Я, наверное, не воспринял картину из-за этого. Потому что это во времена ВГИКа нами было придумано. Ну это просто к тому, что идеи носятся в воздухе, они действительно материальны.

А вторая картина мне весьма нравится. Мне нравится, вообще, последняя треть картины, эти два финала. Это все, как бы вам сказать, абстракции… Потому что сама ситуация, когда женщина хочет уничтожить ребенка – что-то есть в этом такое очень нарочитое. Но абстракции – я такие абстракции принимаю. Все очень красиво, все очень со вкусом. Балуев мне не нравится – сериальный актер. А вот все остальное… Голландская, что ли, актриса, которая там снималась, или шведская – хорошо, хорошо. Хорошая картина. Дай бог, чтоб и следующая у него получилась на этом уровне.

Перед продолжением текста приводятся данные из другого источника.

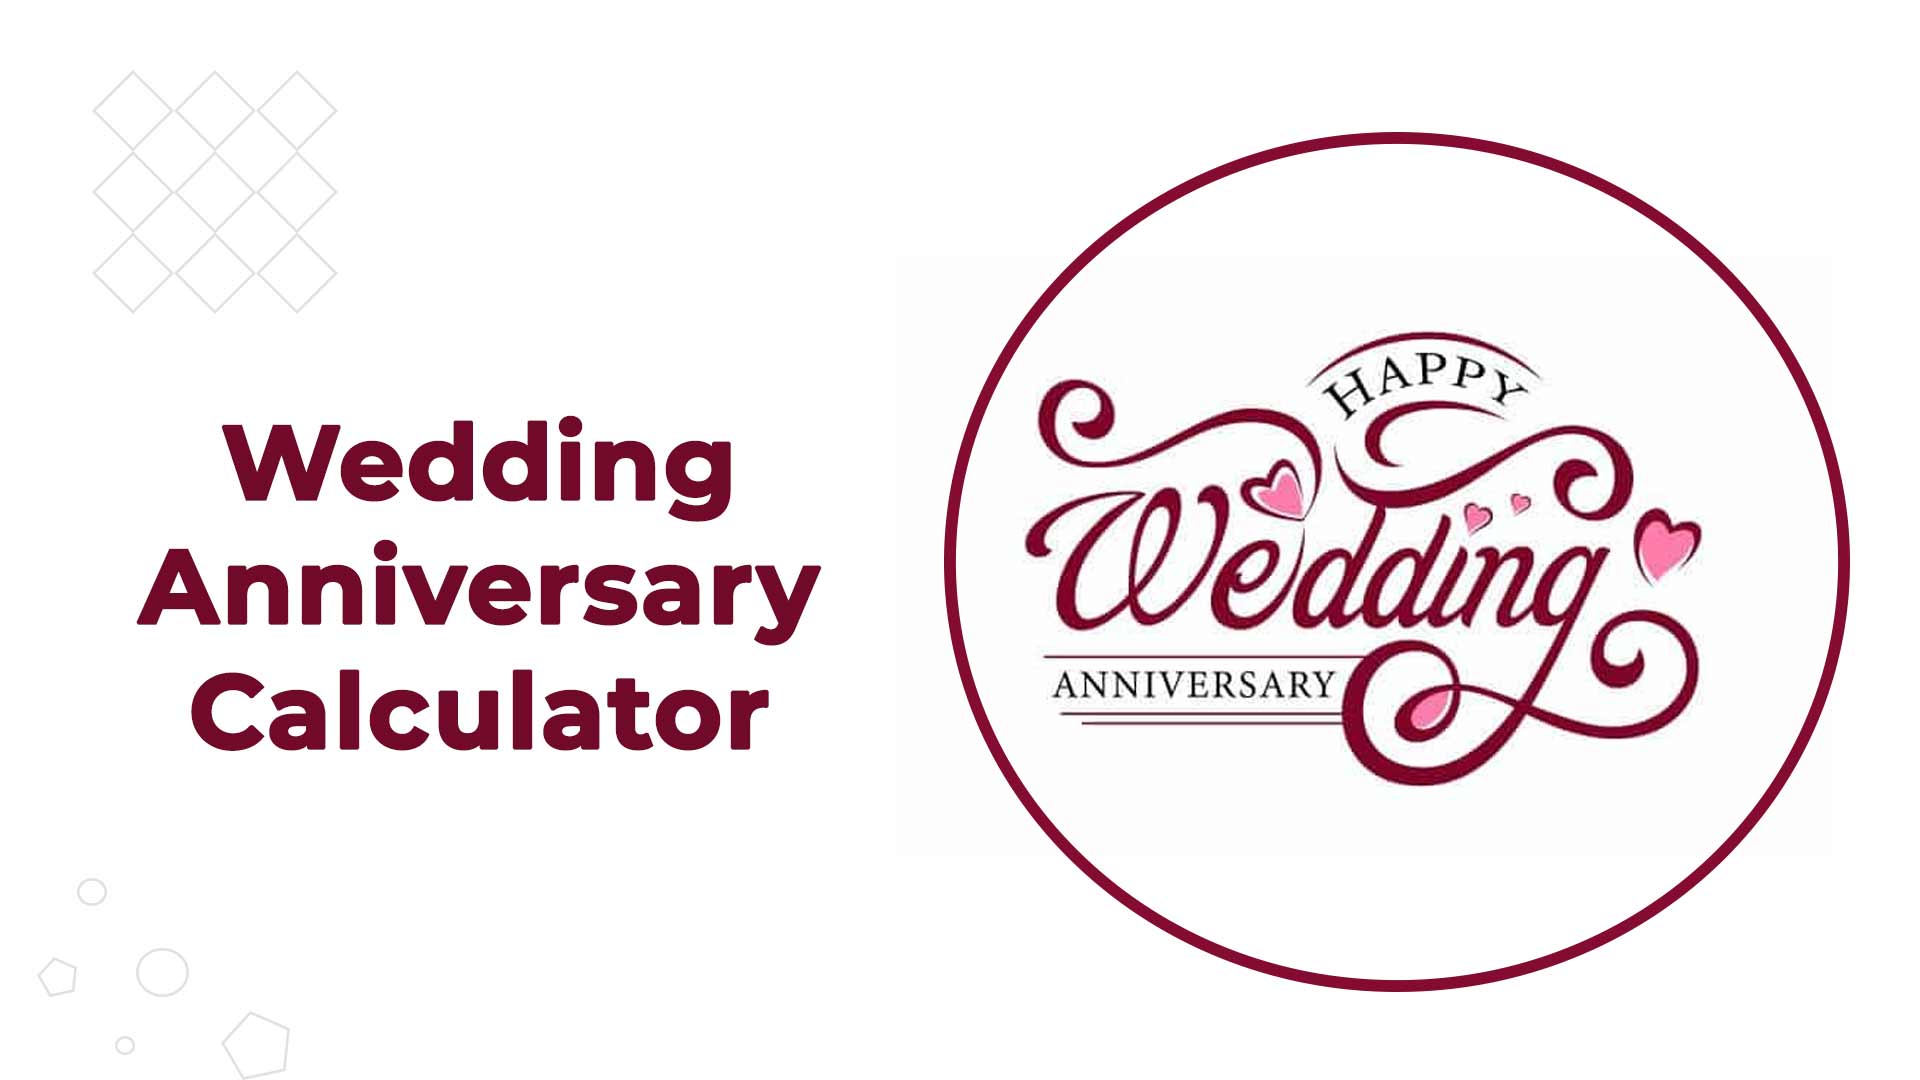 Best Wedding Anniversary Calculator - Calculate Anniversary Date
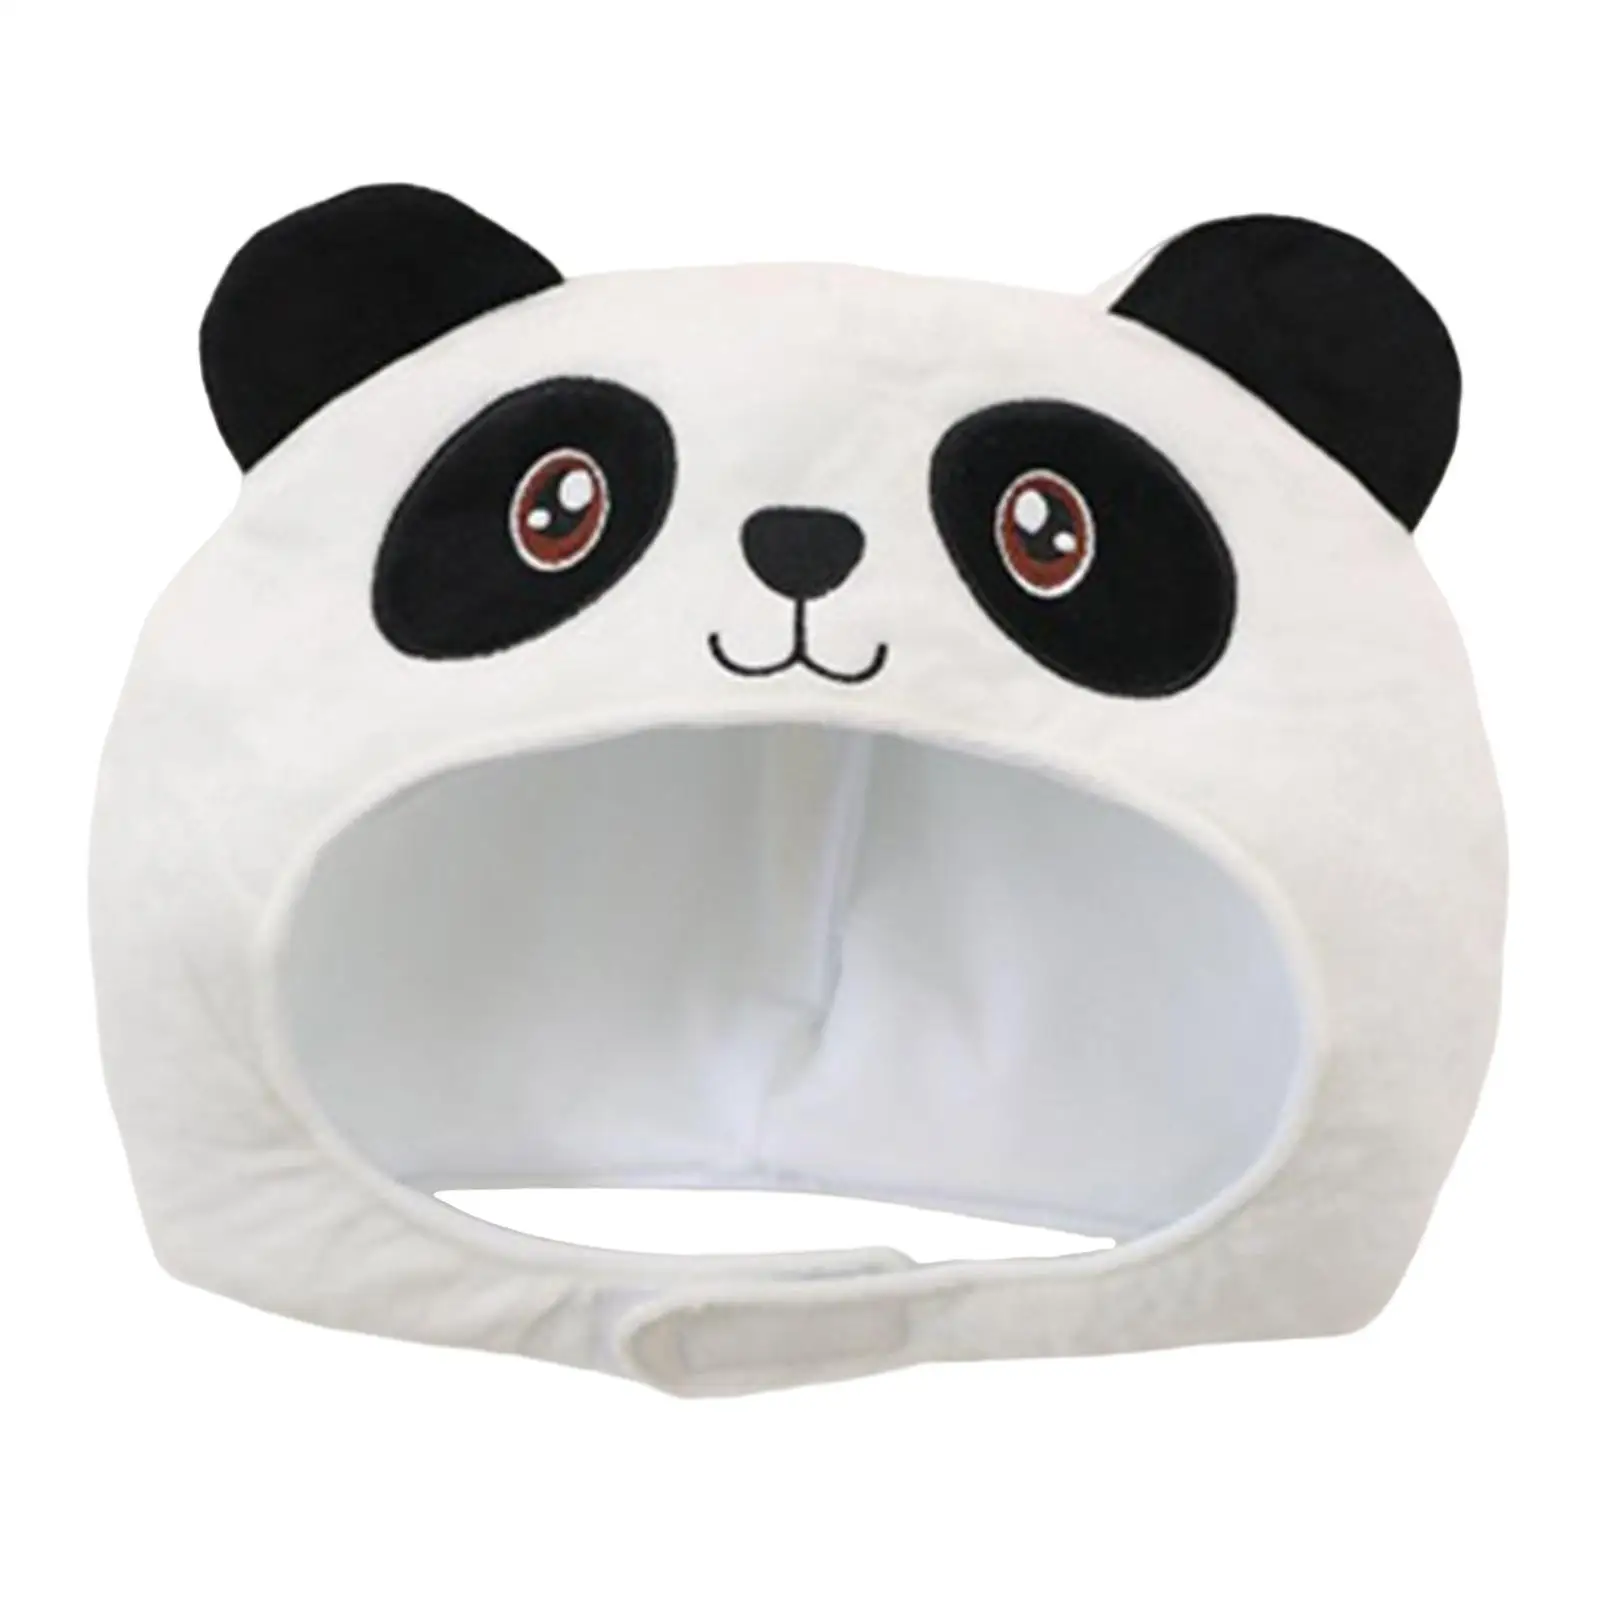 Cute Plush Panda Hat Funny Novelty Winter Ski Headgear Hood Cap for Photo Props Halloween Dress up Party Costume

И я верю в идею, что Бог есть свет, и нет в нем никакой тьмы. И я верю в идею, что Бог не судит, и я верю в идею, что судит Сатана. Я в этом смысле не совсем православный человек. Мне ближе теософская традиция и традиция «розамировская». Я человек воцерковленный, сейчас, правда, разболтался, но стараюсь причащаться. Во всяком случае, молюсь каждый день. Но эта традиция просто соотносится с моим личным опытом. А представить себе Бога, который говорит: «Ты неправ, и на тебе вирус», – я что-то не могу. Какая-то ложь во всем этом. А представить ситуацию, когда от Бога по каким-то причинам просто отдаляешься и становишься уязвимым для «тех» сил – да, это можно представить себе.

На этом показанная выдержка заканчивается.